Required work:
The output must be exactly the lines from the "jun escario bridal gowns" line through the end of the listing below, with no picture included.

Data:
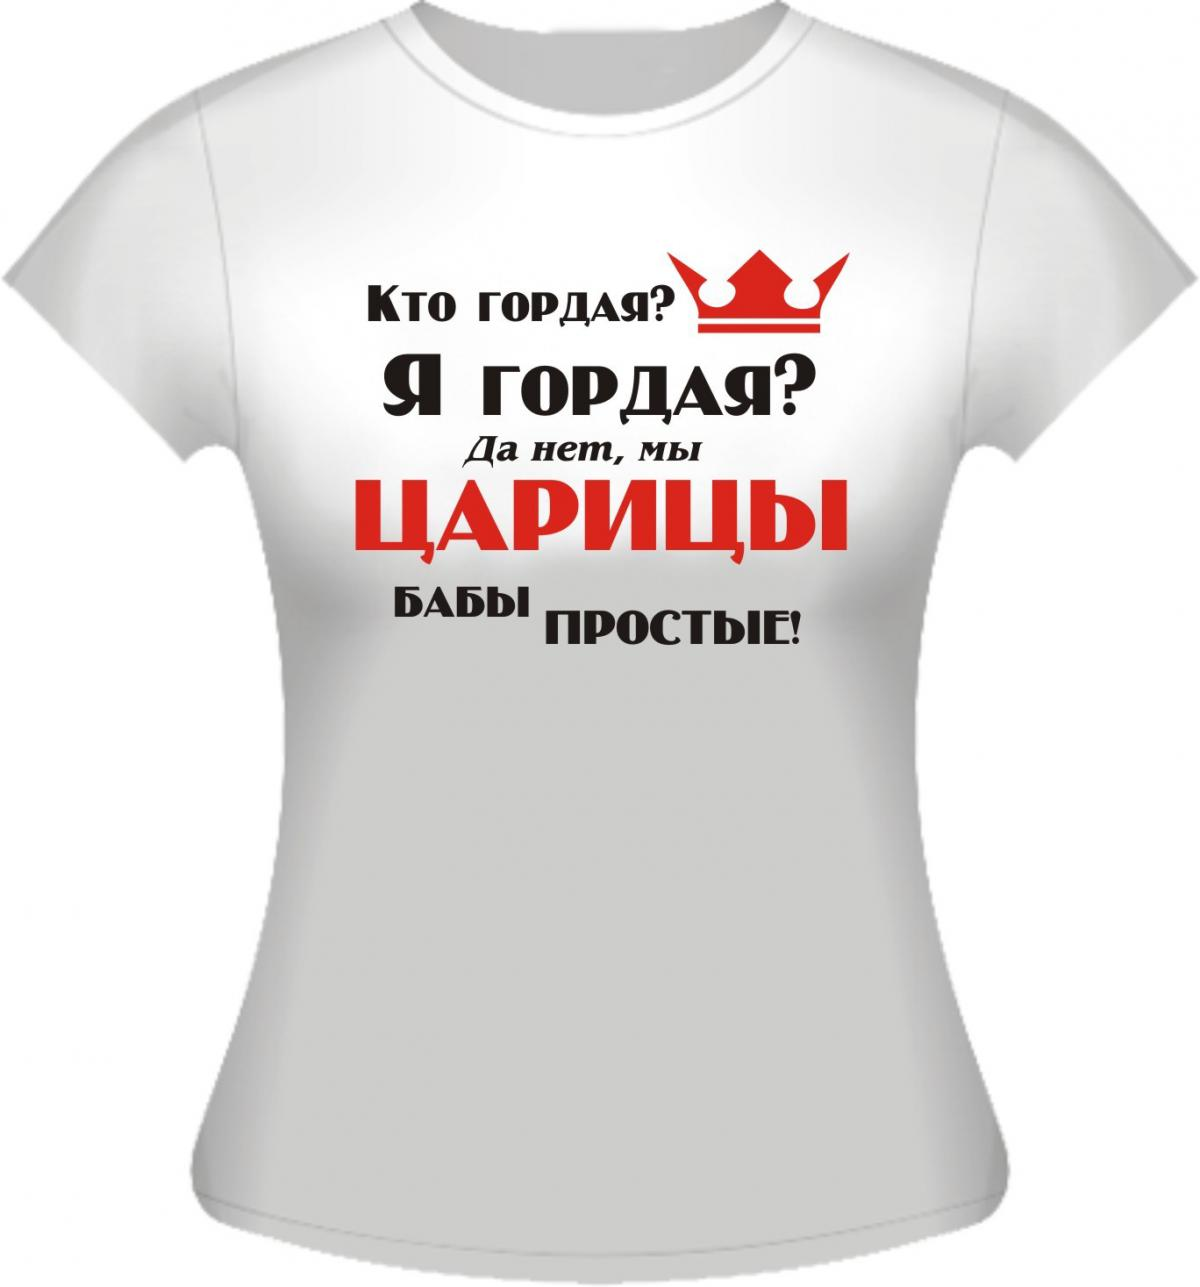 Смешные рисунки и надписи на футболке
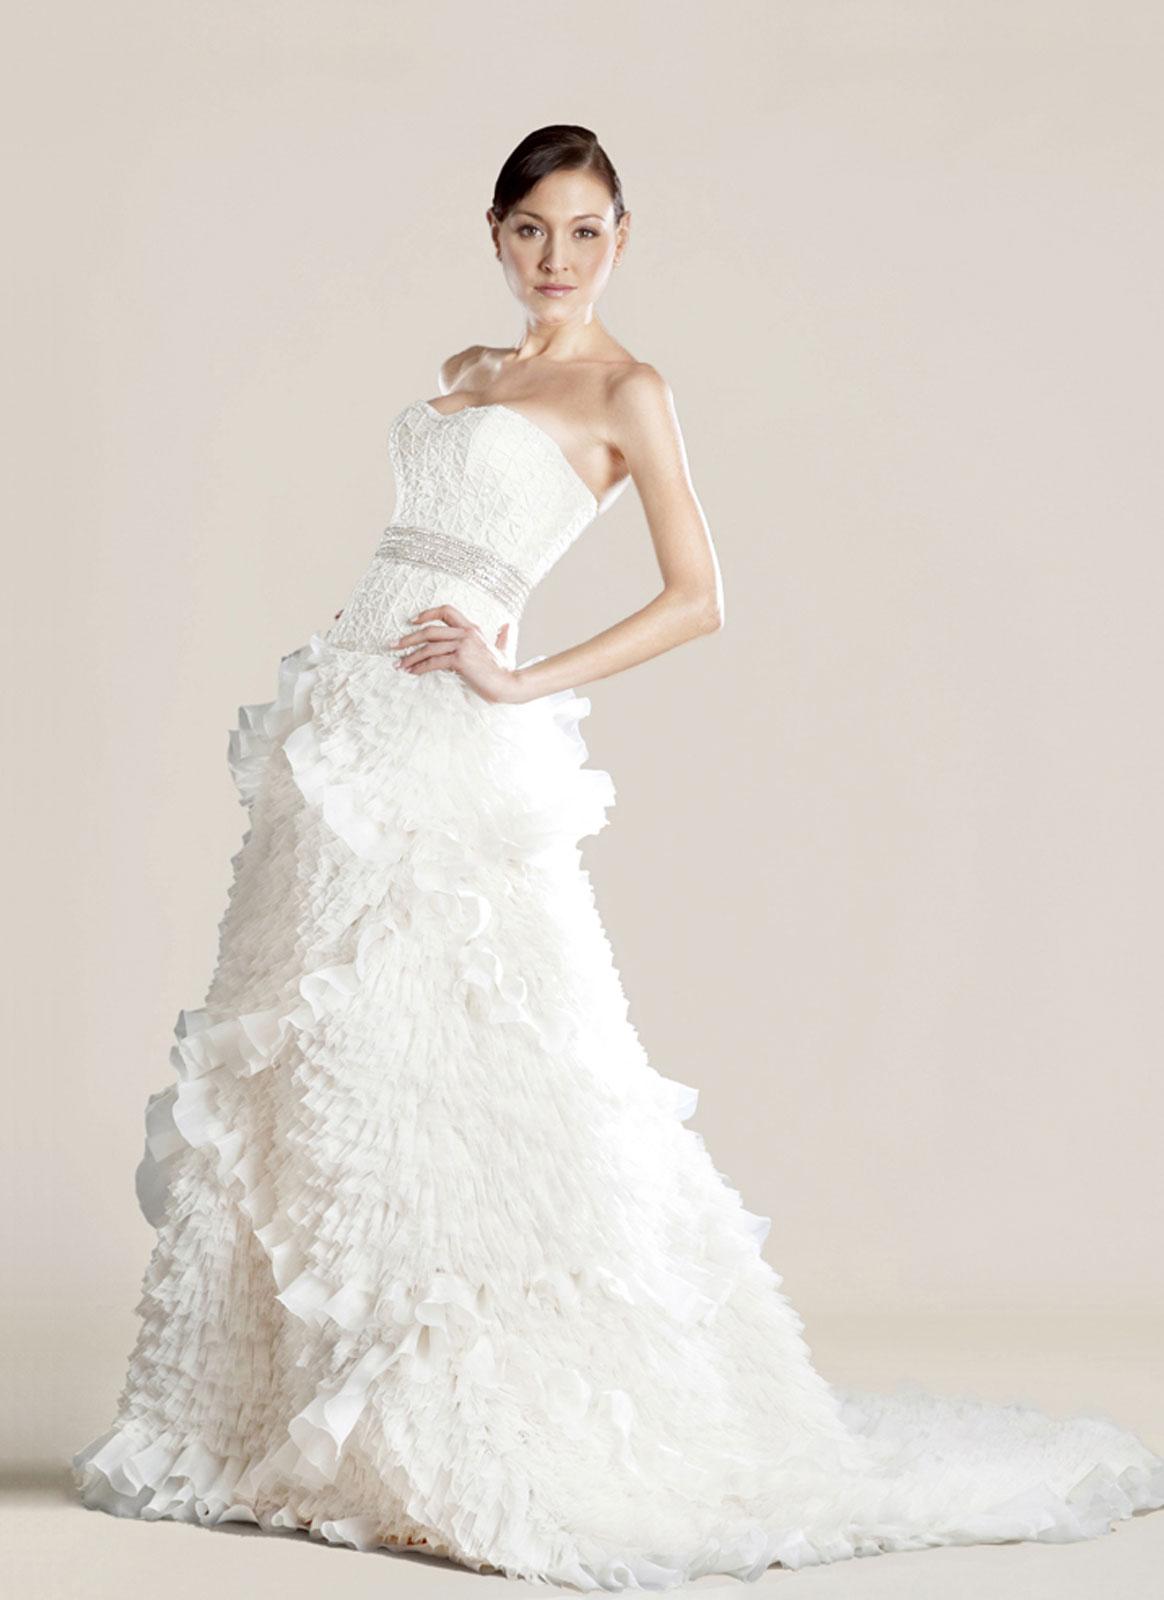 jun escario bridal gowns
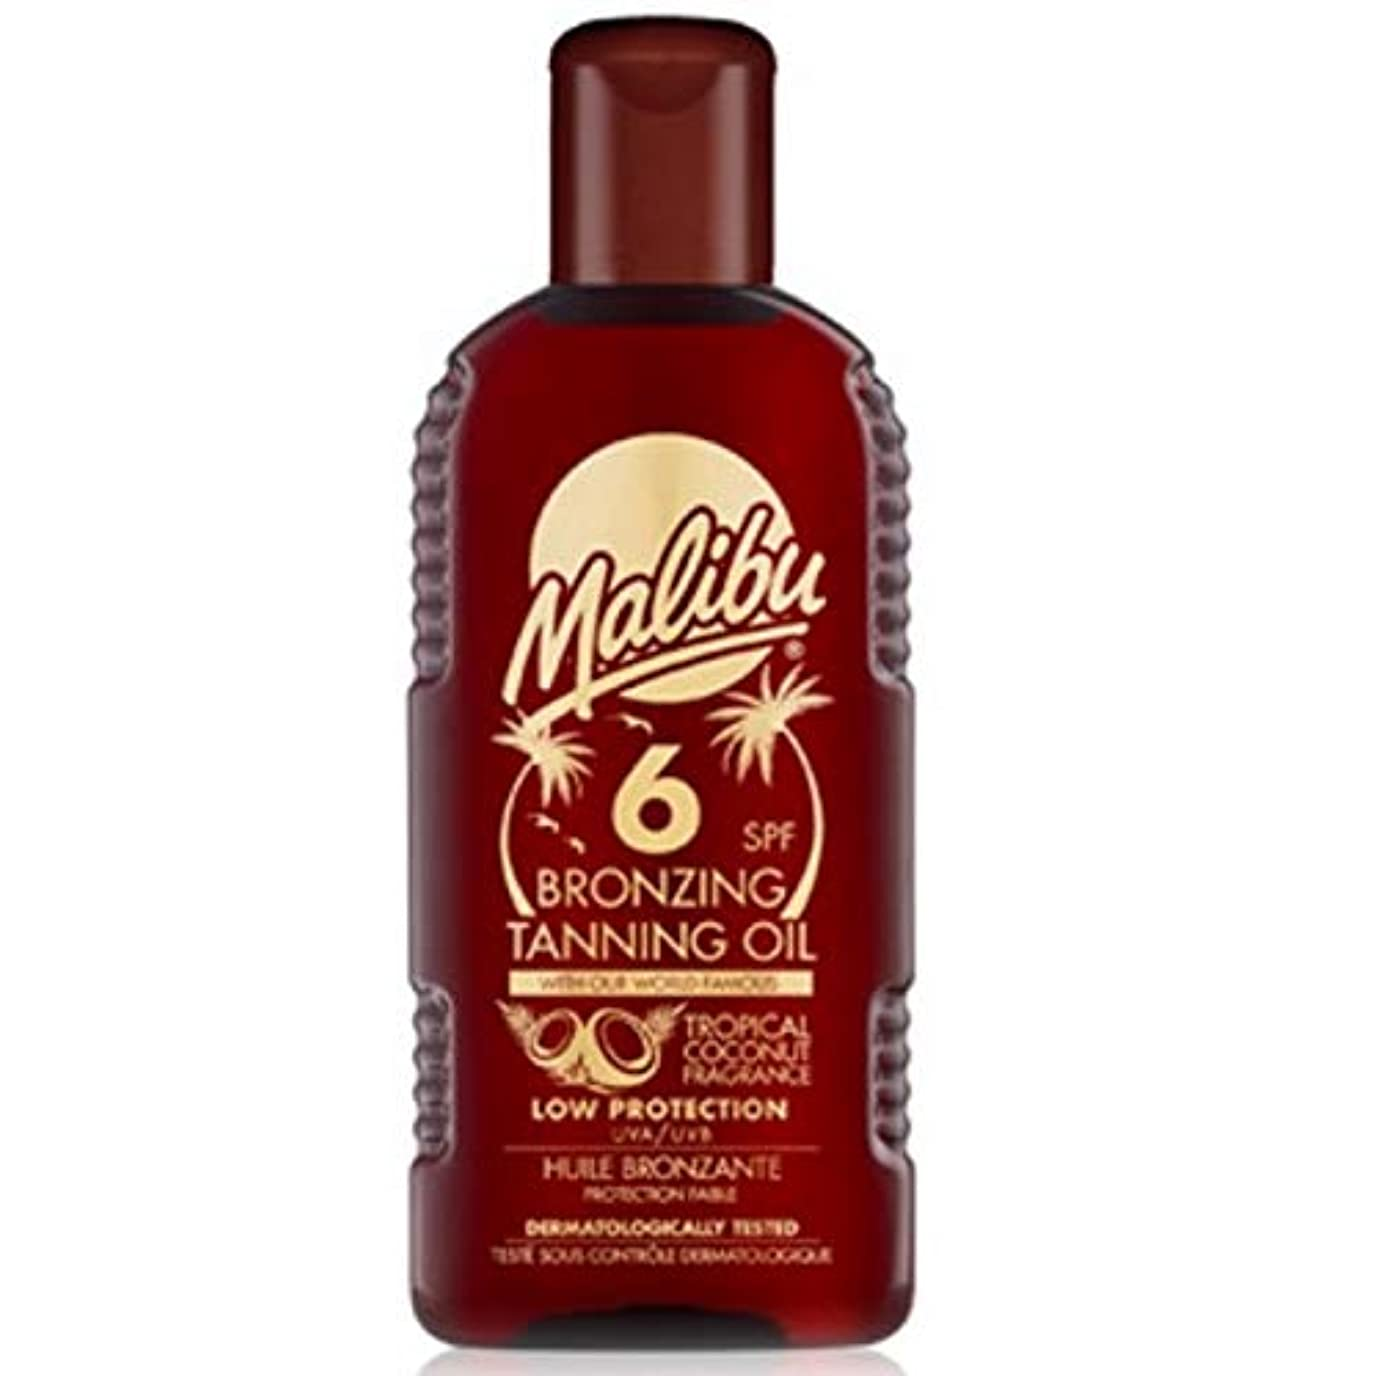 かりて初期の始まり[Malibu ] マリブブロンズ日焼けオイルSp6 - Malibu Bronzing Tanning Oil Sp6 [並行輸入品]
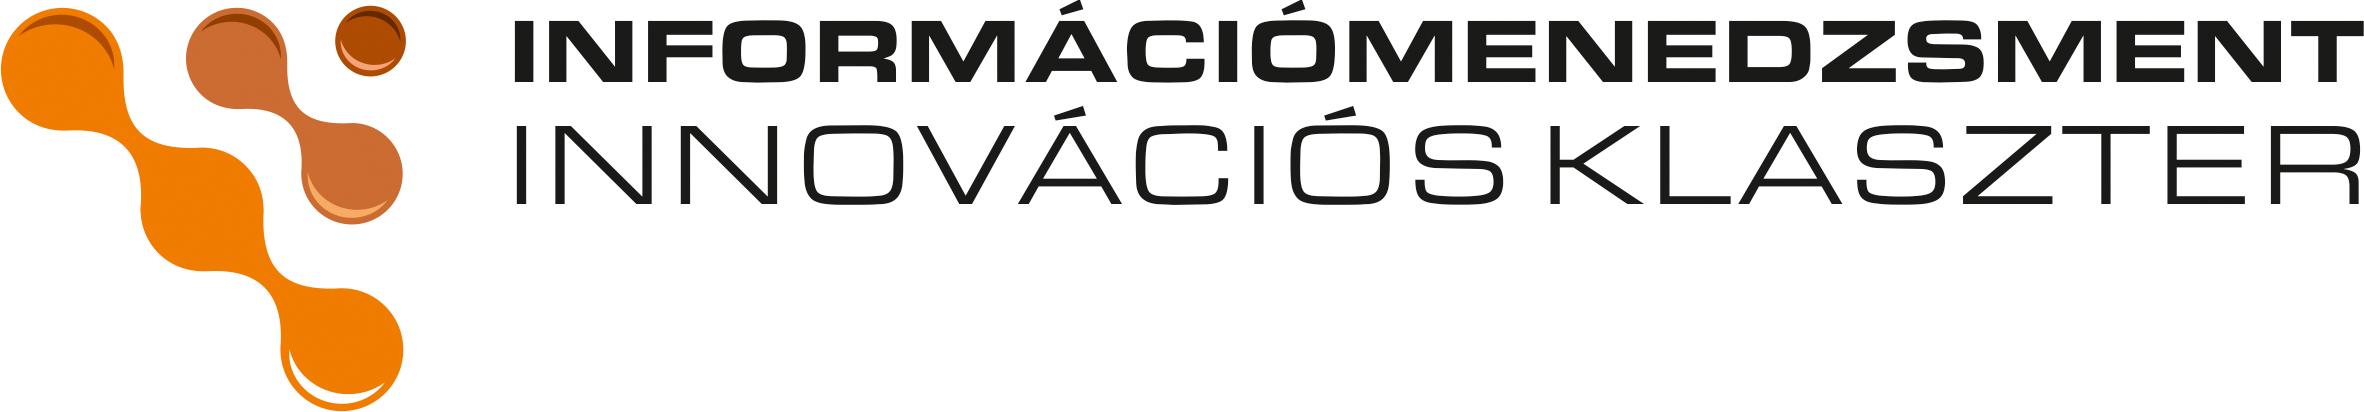 I2K Klaszter logo

Solution for this task:
 jun escario bridal gowns
 かりて初期の始まり[Malibu ] マリブブロンズ日焼けオイルSp6 - Malibu Bronzing Tanning Oil Sp6 [並行輸入品]
 I2K Klaszter logo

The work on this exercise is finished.